C’est l’été et doucement, sous l’ardent soleil, nous progressons sur le chemin tracé sur l’échine de la colline du Chastelas. Notre destination finale se fait encore attendre un peu. Notre guide s’arrête et nous montre un point en bas. « Pour comprendre le château et le village dans la pente, il faut avant tout comprendre le paysage dans lequel ils s’inscrivent, explique Robert Valladier, des Amis de l’Histoire de la Région de Vallon. L’occupation humaine remonte à des temps préhistoriques dans les abris des grottes s’ouvrant dans la falaise bordant la plaine alluviale et la rivière. La proximité de cette dernière a offert aux hommes la possibilité de mise en culture de cette terre riche. Les générations se sont succédées sans discontinuer. Ainsi on retrouve des vestiges très anciens dans les hameaux au pied de la colline accueillant le château, notamment celui de Combe-Saint-Pierre. »

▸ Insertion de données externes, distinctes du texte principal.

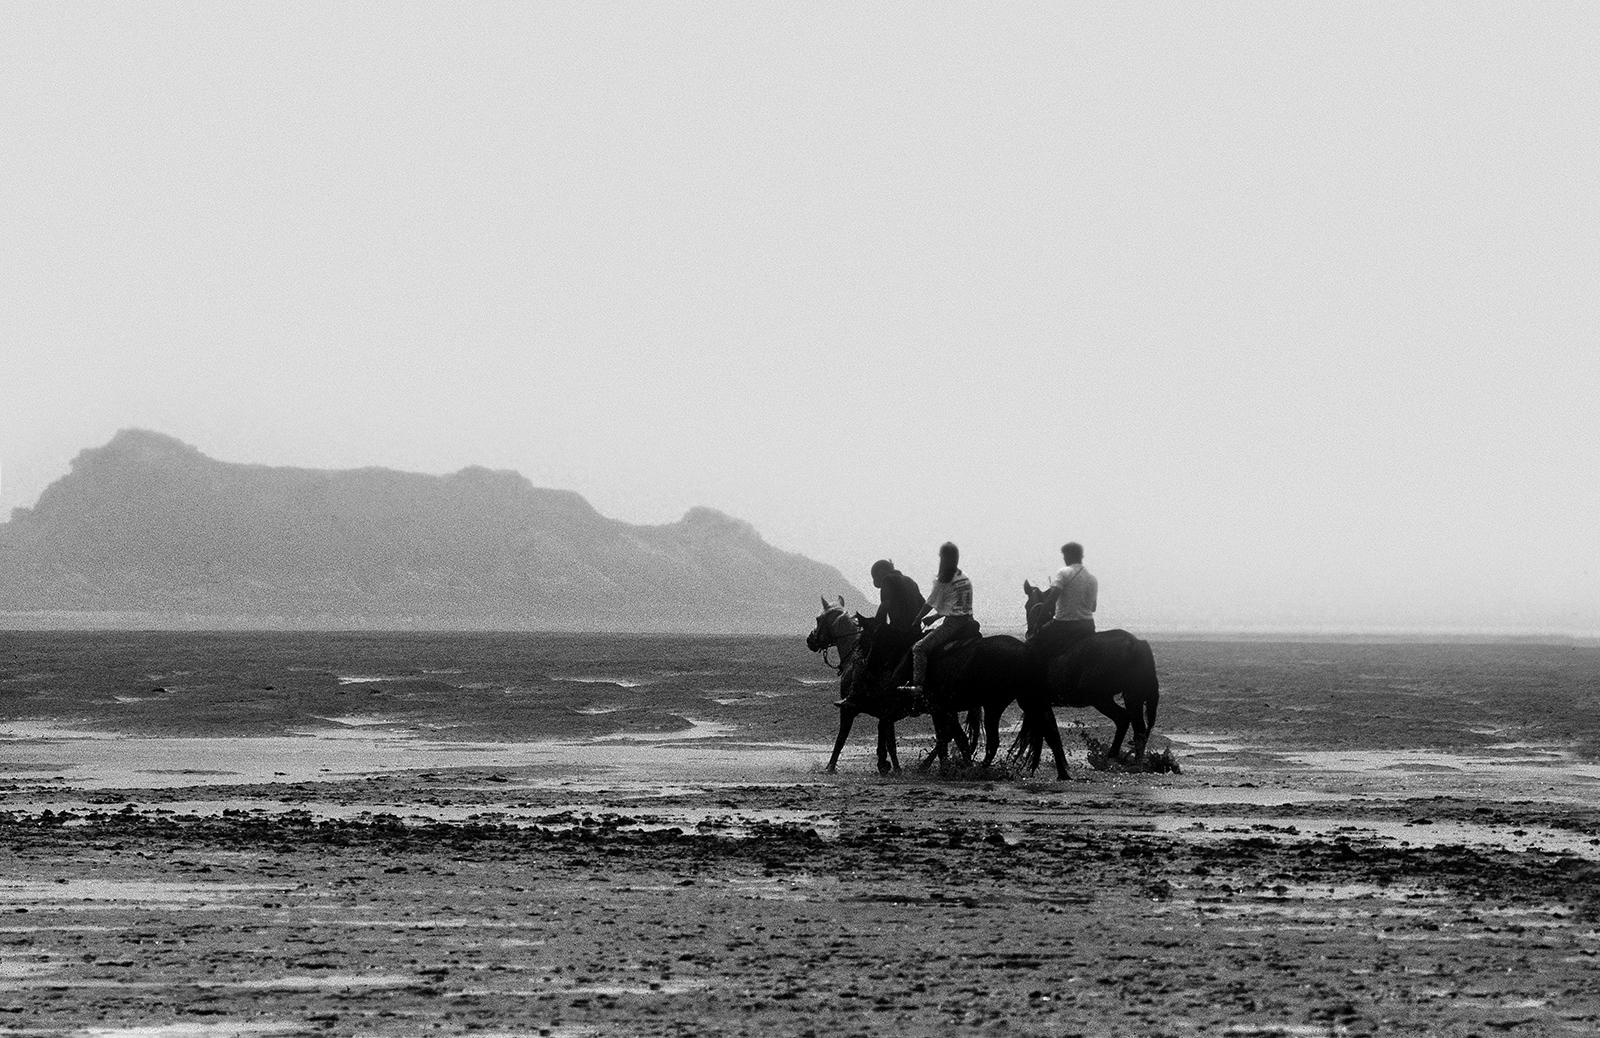 Ian Sanderson Landscape Photograph – Pferde – signierter Tierdruck in limitierter Auflage, Schwarz-Weiß, Strand, Landschaftspferd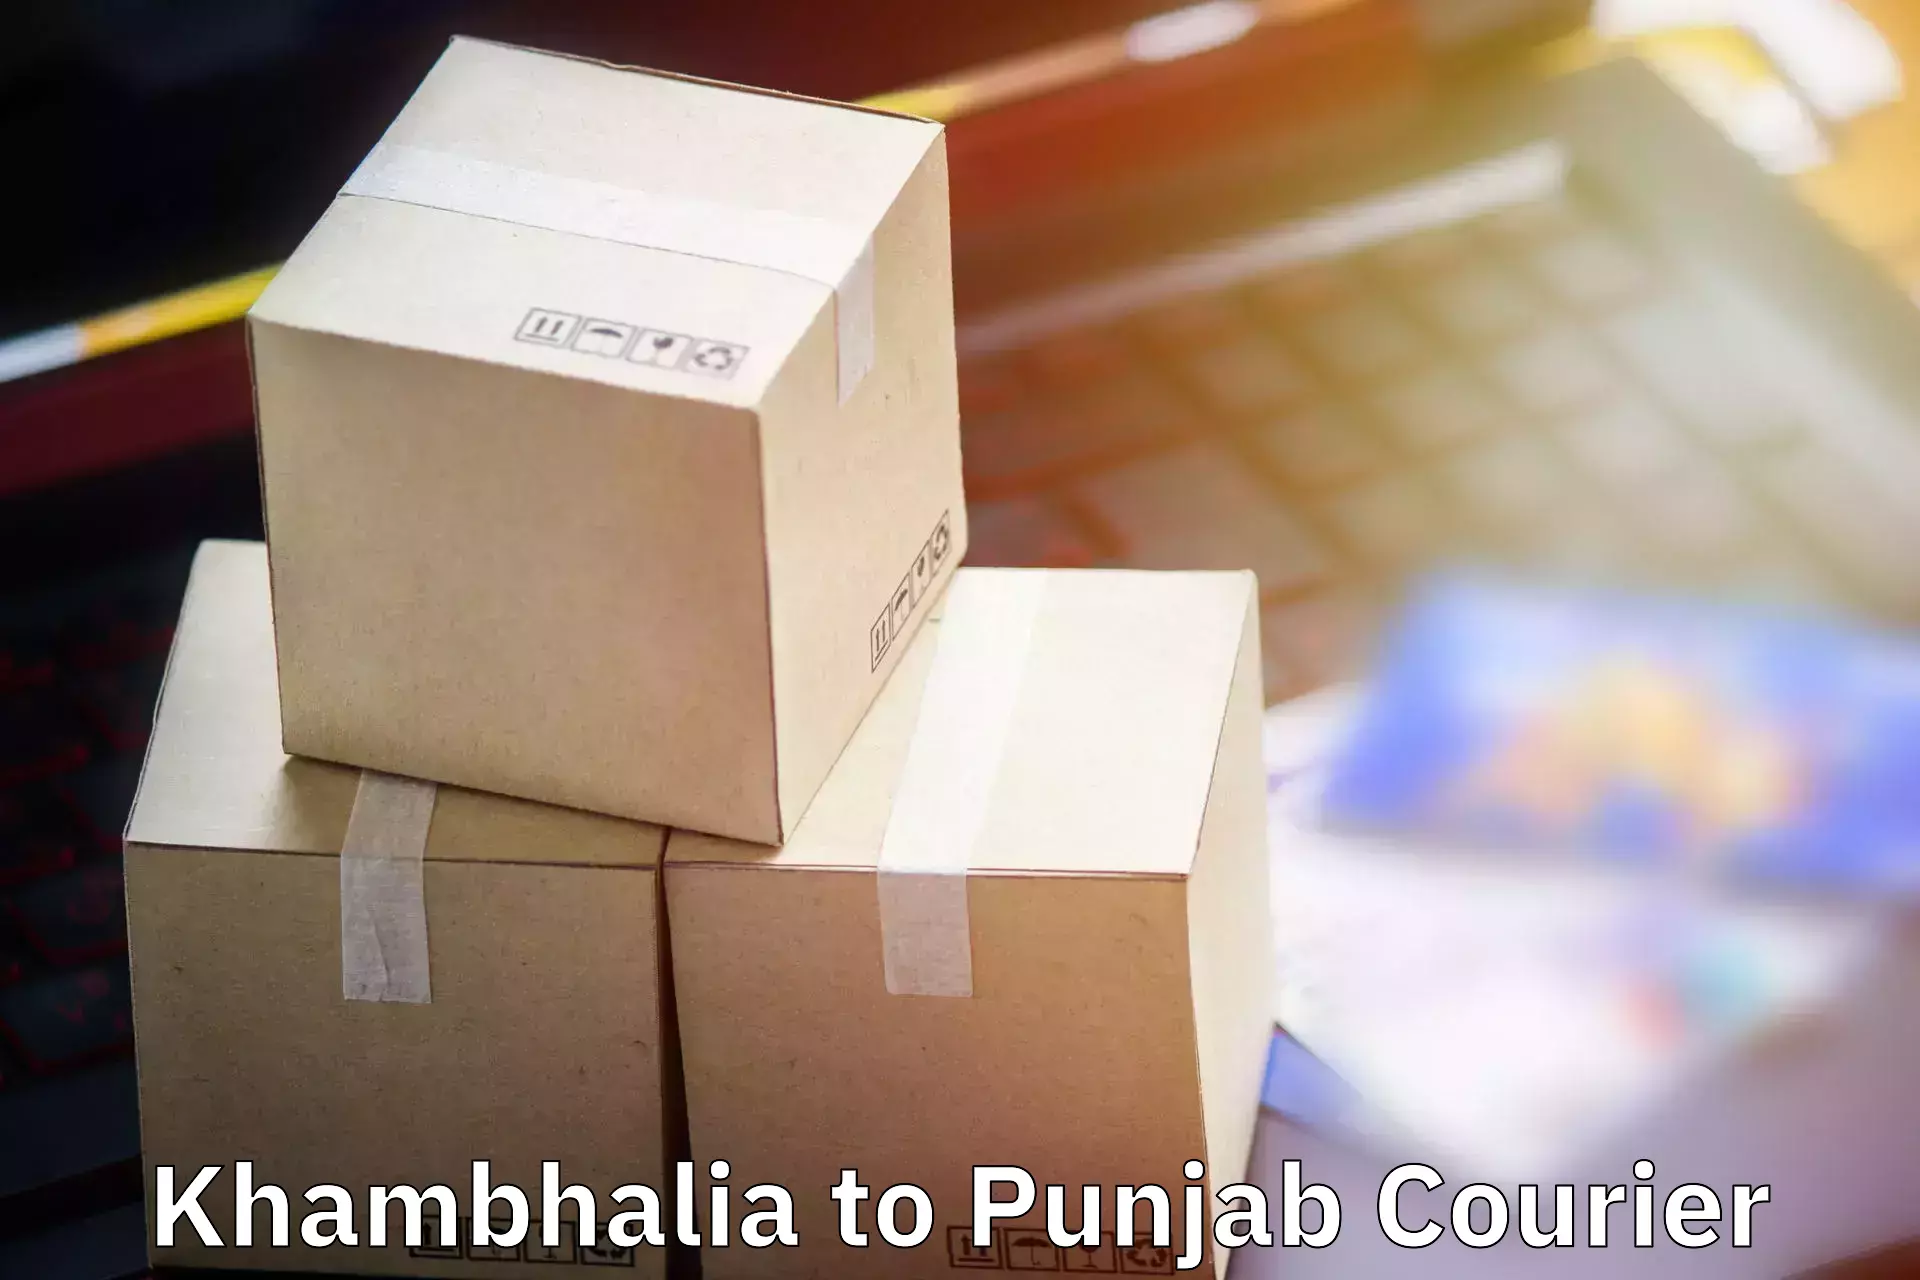 Baggage shipping schedule Khambhalia to Zirakpur

Nous arrivons à l’entrée du château dont les ruines ont récemment bénéficié d’intéressants travaux de réhabilitation et de sécurisation. Nous le pénétrons par un pont, autrefois pont-levis, franchissant un fossé taillé dans le rocher. Sur un côté, la falaise semble infranchissable. Ailleurs des remparts ponctués de tours dominant une série de terrasses protégeaient l’édifice. En dessous, le long de la pente abritée du vent du nord, certaines maisons du vieux Vallon sont antérieures au château. « Les hommes se sont implantés là pour laisser la plaine à la culture des céréales, poursuit notre guide. La terre est riche et facile à irriguer ; l’eau est en abondance. Et puis il y avait la forêt et l’abri de la colline offrant la pâture aux troupeaux et une exposition idéale à la vigne. »
Cette colonie humaine s’est maintenue jusqu’au XVe siècle, période où débuta le développement de Saint-Saturnin-de-Avalons, qui allait devenir le Vallon actuel. D’ailleurs il en prit très rapidement le nom un siècle plus tard. Ce site abritait alors trente-six maisons, contre cent trois au Chastelas et trente-sept dans les hameaux environnant la plaine. À la faveur du temps passant et des guerres de religion, le nouveau site grandit au détriment du Chastelas qui connut l’incendie de son château en 1569, sa restauration puis sa démolition en 1628. Finalement, comme souvent en pareil cas, il servit de carrière aux maisons voisines. « On pense que les gens ont quitté le Chastelas, appuie Robert Valladier, pour mener une vie plus facile dans la plaine. Sur la colline, la pente était trop forte et l’accès peu aisé. » Les hommes avaient aussi choisi la colline pour se protéger des crues de l’Ardèche, mais avec le nouveau site, ils prirent aussi en compte cette caractéristique. Il est vrai que la colère de la rivière se montrait souvent violente...
Peu après l’issue de la première guerre mondiale, les derniers habitants du vieux Vallon désertèrent la pente devenue hostile. Aujourd’hui l’avenir du site s’écrira avec la maîtrise du foncier, car si le château est une propriété communale, toutes les maisons sont des propriétés privées. Certaines furent réhabilitées avec soin et sont désormais habitées, d’autres ne sont plus que ruines défiant les lois de l’équilibre. « Le plus urgent, selon Alain Sixtre, président des Amis de l’Histoire de la Région de Vallon, serait que l’ensemble du site soit l’objet d’études sérieuses, de fouilles archéologiques minutieuses, car finalement nous ne savons pas grand chose. » En attendant, il est agréable de flâner dans les ruines du château, de jouir du panorama, et une fois la nuit tombée d’en admirer les lignes sages sous la lumière de son éclairage.